For the primary safety outcome, differences by sex varied significantly by treatment arm (interaction p=0.002). Within the EVF+3TC-ZDV arm, women had a significantly higher rate and shorter time to a primary safety event (aHR= 1.49; 95% CI 1.18, 1.88). This effect remained after adjusting for potential confounders such as entry AST value, self-reported ethnic group and anthropometric measurement (Table 2). However, in the other two arms, there was not a difference in the primary safety outcome by sex: ATV+DDI-EC+FTC (aHR=0.82; 95% CI 0.64, 1.05), EFV+FTC/TDF (aHR= 0.91; 95% CI 0.70, 1.19) (Table 2). There was not a difference by sex (or sex by treatment interaction) for either the sign or symptom component (aHR= 1.05; 95% CI 0.82, 1.35), or overall laboratory abnormality component (HR=0.8; 95% CI 0.7, 1.1) of the primary safety outcome (Table 2). Therefore, the effect in the primary safety outcome appeared to be a result of a sex by treatment difference in the first dose modification component of the outcome (interaction p=0.060). Adjusting for screening CD4, age and entry Karnofsky score, within EVF+ZDV-3TC, women were more likely to have a dose modification compared to men (HR =1.4; 95% CI 1.0, 1.8) most likely due to neutropenia caused by ZDV. However, among the other arms, there was not a difference in risk of dose modification by sex EVF+FTC-TDF (HR = 0.9; 95% CI 0.68, 1.35) / ATV+DDI-EC+FTC (HR= 0.84; 95% CI 0.62, 1.14).

Pregnancy/Prevention Mother to Child Transmission (PMTCT)
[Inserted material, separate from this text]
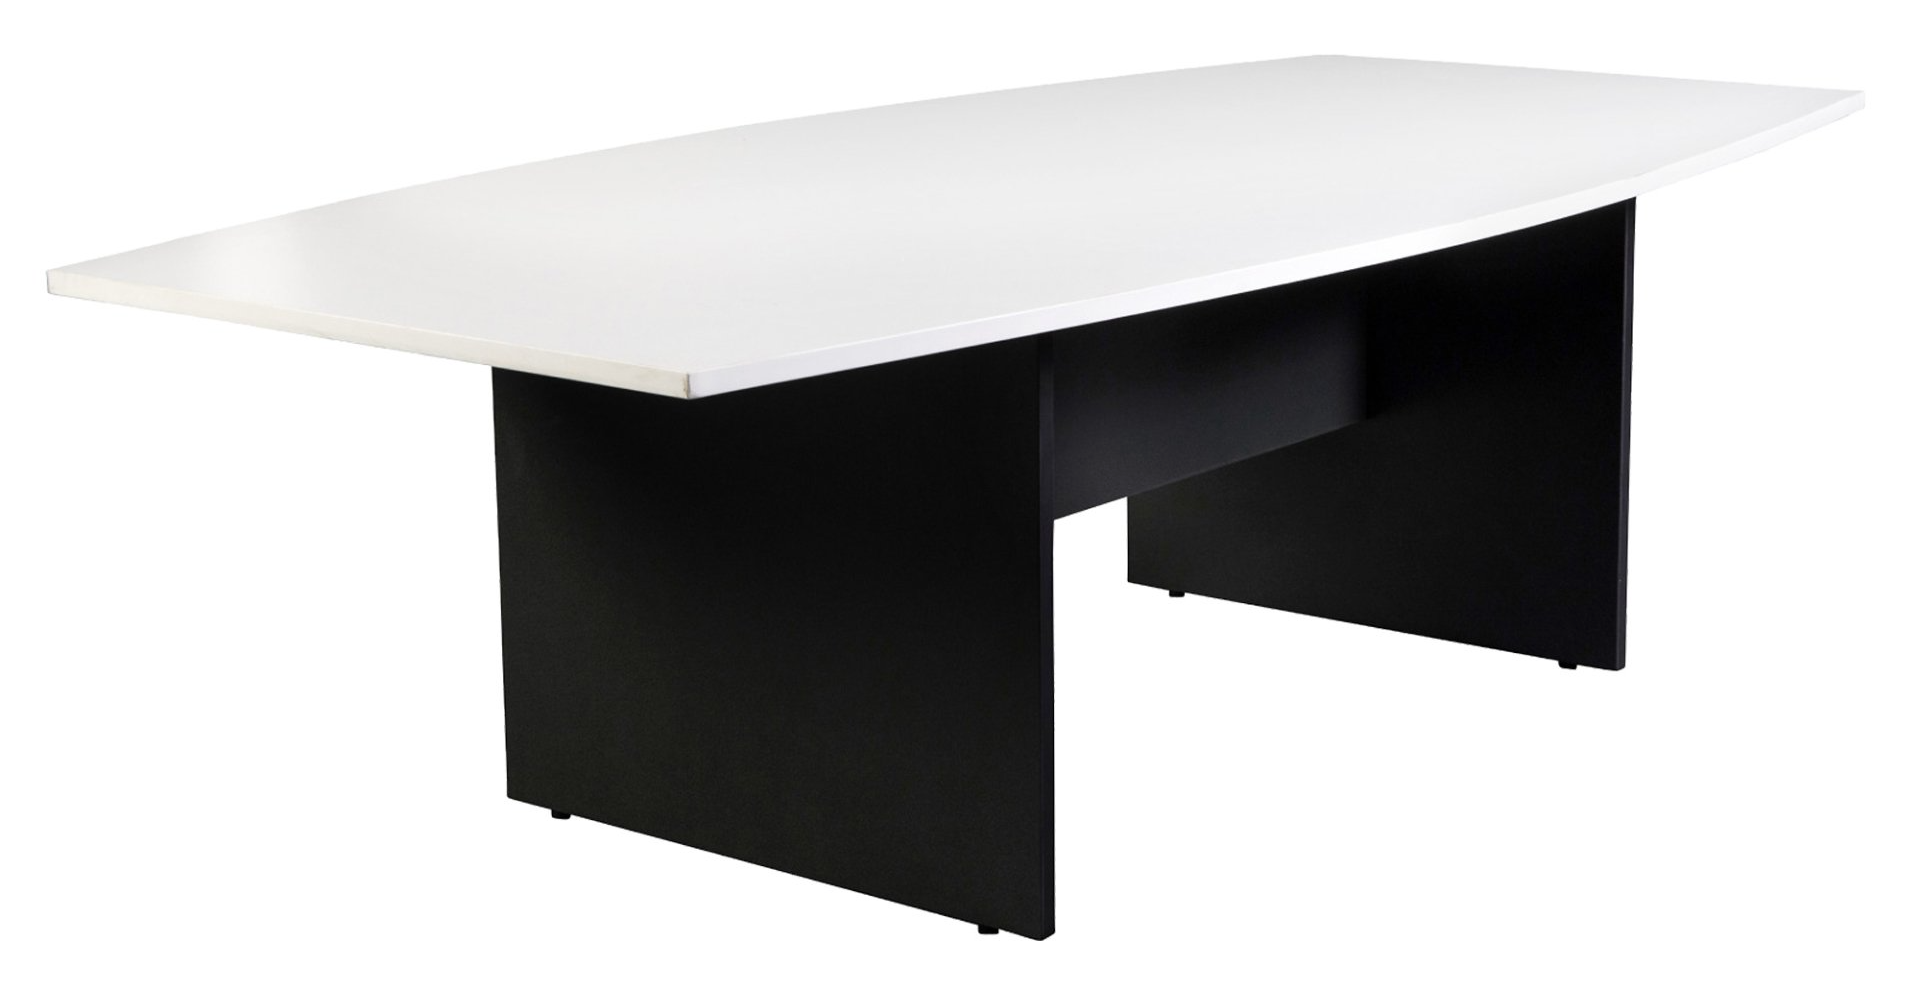 h-base boat-shaped boardroom table white

Among women with reproductive potential, the incidence of pregnancy was 2.7 per 100 women years (95% CI 2.2, 3.4). Women who were randomly assigned to an efavirenz containing study regimen were required to use two forms of birth control, which may have decreased the overall pregnancy incidence in this study. Women were tested for pregnancy at every study visit; therefore early pregnancy which may have resulted in miscarriage may have been over-represented in this study. Pregnancy outcomes from this study have been reported elsewhere [19]. There was not a significant difference in pregnancy incidence among the three regimen arms (p=0.38) nor an association between pregnancy and CD4+ cell count (p>0.30). Primary efficacy or primary safety outcomes were not significantly associated with a proceeding pregnancy diagnosis (data not shown). There was no difference in treatment failure between the small subgroup of women who had limited PMTCT (17.2%; 10 of 58), as allowed by the protocol, and those women who did not have PMTCT experience (19.4%; 132 of 681; p=0.86).

CONCLUSIONS

PEARLS evaluated the efficacy and safety of initial antiretroviral therapy in a prospective clinical trial conducted in high-, medium- and low-income countries in Africa, Asia, the Caribbean and North and South America. To our knowledge, PEARLS is the only randomized clinical trial to recruit a near equal number of men and women from these diverse cultural, socioeconomic and geographic settings. The randomized assignment of initial antiretroviral therapy to a large and equal number of women and men in PEARLS provided a unique opportunity to evaluate potential associations between sex and antiretroviral therapy efficacy and safety outcomes. In this context, we found significant differences in both antiretroviral efficacy and safety, and in study retention, between women and men.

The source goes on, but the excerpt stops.